After hearing the Minister’s remarks on the bill, it seemed to me that he was suggesting some hypothetical cases in which this amendment would delay the carrying-out of some very important function’ of the Crown. I, personally, think that 60 days is much too long. There should be at least some opportunity to have an inquiry. I recall an instance in Victoria in which land was compulsorily acquired under powers given to the Housing Commission and portion of it was not used. I understand, too, that on one portion of it an hotel was erected. To that I say “ shame ! “ - and I mean it. Where it can reasonably be argued that the ordinary work of the Commonwealth is not interfered with there should be an inquiry. A person may desire to submit a case why one block as against another one should not be resumed, bearing in mind as I said previously that that right may be overruled in time of war. Protection is also given under the clause in as much as the Minister accepts responsibility to certify whether the conditions justify an inquiry. Senator Wright should at least ask that the consideration of this clause be adjourned, along with others, with a view to meeting the points I have raised.

Senator BYRNE:
QUEENSLAND · ALP; QLP from 1957; DLP from 1968

– Without having very firm views I feel disposed at first glance to oppose the amendment proposed by Senator Wright. While we are conscious at all times of the need to give complete justice to the private individual against an all-powerful State, we must also at all times take into consideration the practical policies of day to day public administration and try, so far as we can, to reconcile the two. This amendment might greatly impede practical public administration.
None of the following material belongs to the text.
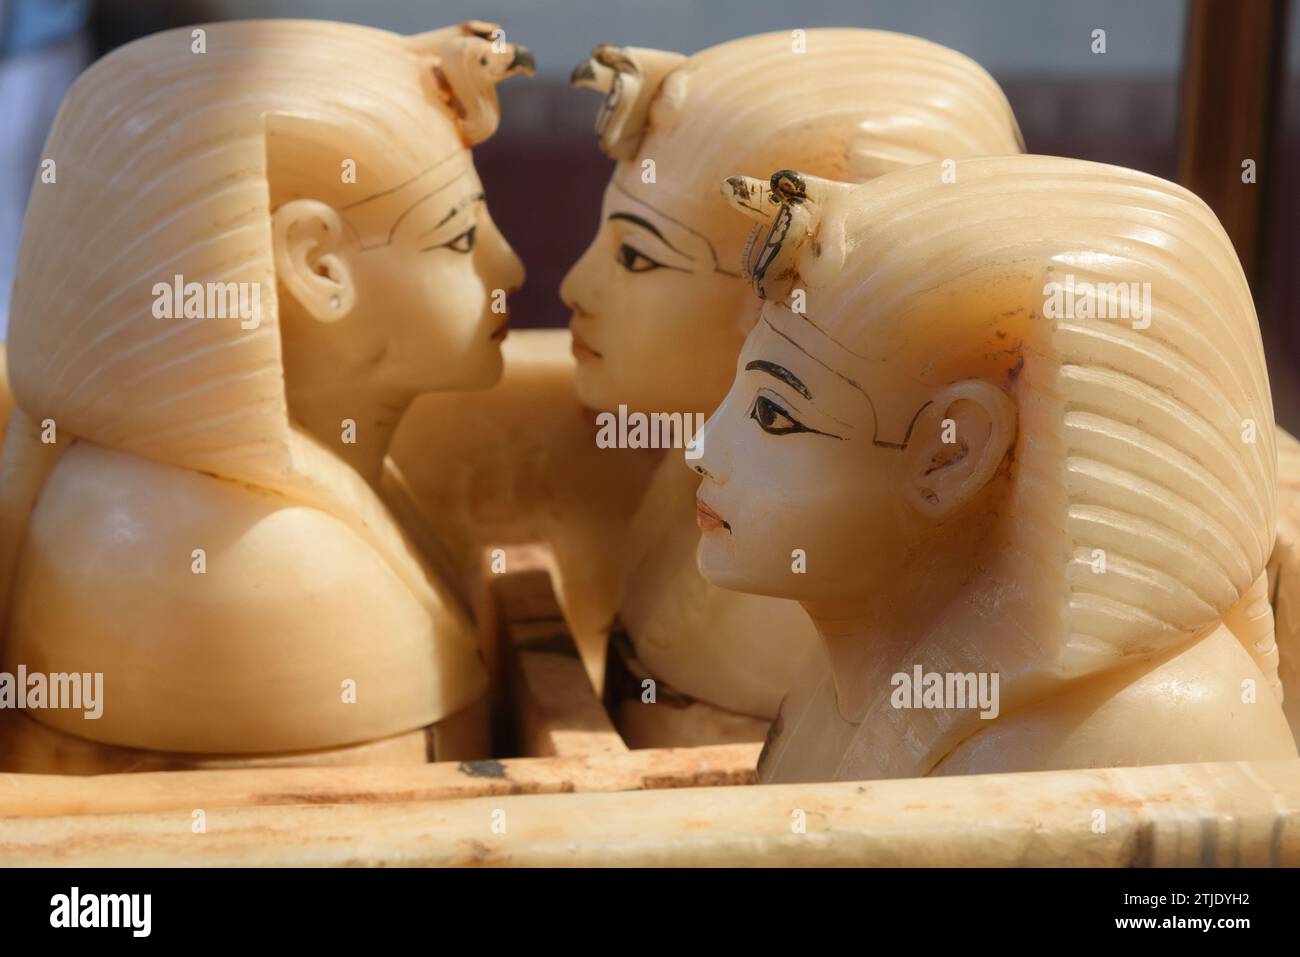 Alabaster Canopic Chest von Tutanchamun. Ägyptisches Museum, Kairo. An der Ostwand der Schatzkammer befand sich ein hoher, vergoldeter Schrein mit der Kanopenküste, in der Tutanchamuns innere Organe nach der Mumifizierung platziert wurden. Kanopengläser schützten Tutanchamuns innere Organe. Die Gläser wurden hergestellt, um die Organe aufzunehmen, die während der Mumifizierung aus dem Körper entfernt wurden: Lunge, Leber, Darm und Magen. Jedes Organ wurde von einem der vier Söhne des Horus geschützt: Hapy (Lunge), Imsety (Leber), Duamutef (Magen) und Qebehsenuef (Darm). Stockfoto

My first point is that new clause 8a, dealing with treating, appeared to me to go only to the question of quantum. Sub-clause (3) of the new clause reads -

A person served with a notice to treat in respect of land may, not later than fourteen days after the service of the notice, furnish to the Minister particulars of -

the interest claimed by him in the land;

the amount for which he is agreeable to sell to the Commonwealth his interest in the land;

Apparently, the idea is that that amendment goes only to the question of quantum, that the person who is resisting the resumption would have some figure in his mind which he would specifically state. However, in proposed now clause 8b, which is now before the Chair, the principle is inserted that a person who is given an opportunity to treat, and who again rests his resistance on the matter of quantum, can completely change his ground and resist resumption altogether if he finds that there is no agreement on the matter of quantum. That is how I read proposed new clause 8b, which reads - (1.) Where the owner of an interest in land, being an interest the value of which exceeds Five thousand pounds -

  1. has been served with a notice to treat-

That goes only to the question of quantum and no reference is made to the general principle of resistance to resumption. The proposed new clause further provides -

  1. has not reached agreement with the Minister for the sale of the interest to the Commonwealth, the owner may, not later than 28 days after the service on him of the notice to treat, request the Minister in writing to cause a public inquiry to be held as to whether the acquisition of the land by the Commonwealth is in the public interest.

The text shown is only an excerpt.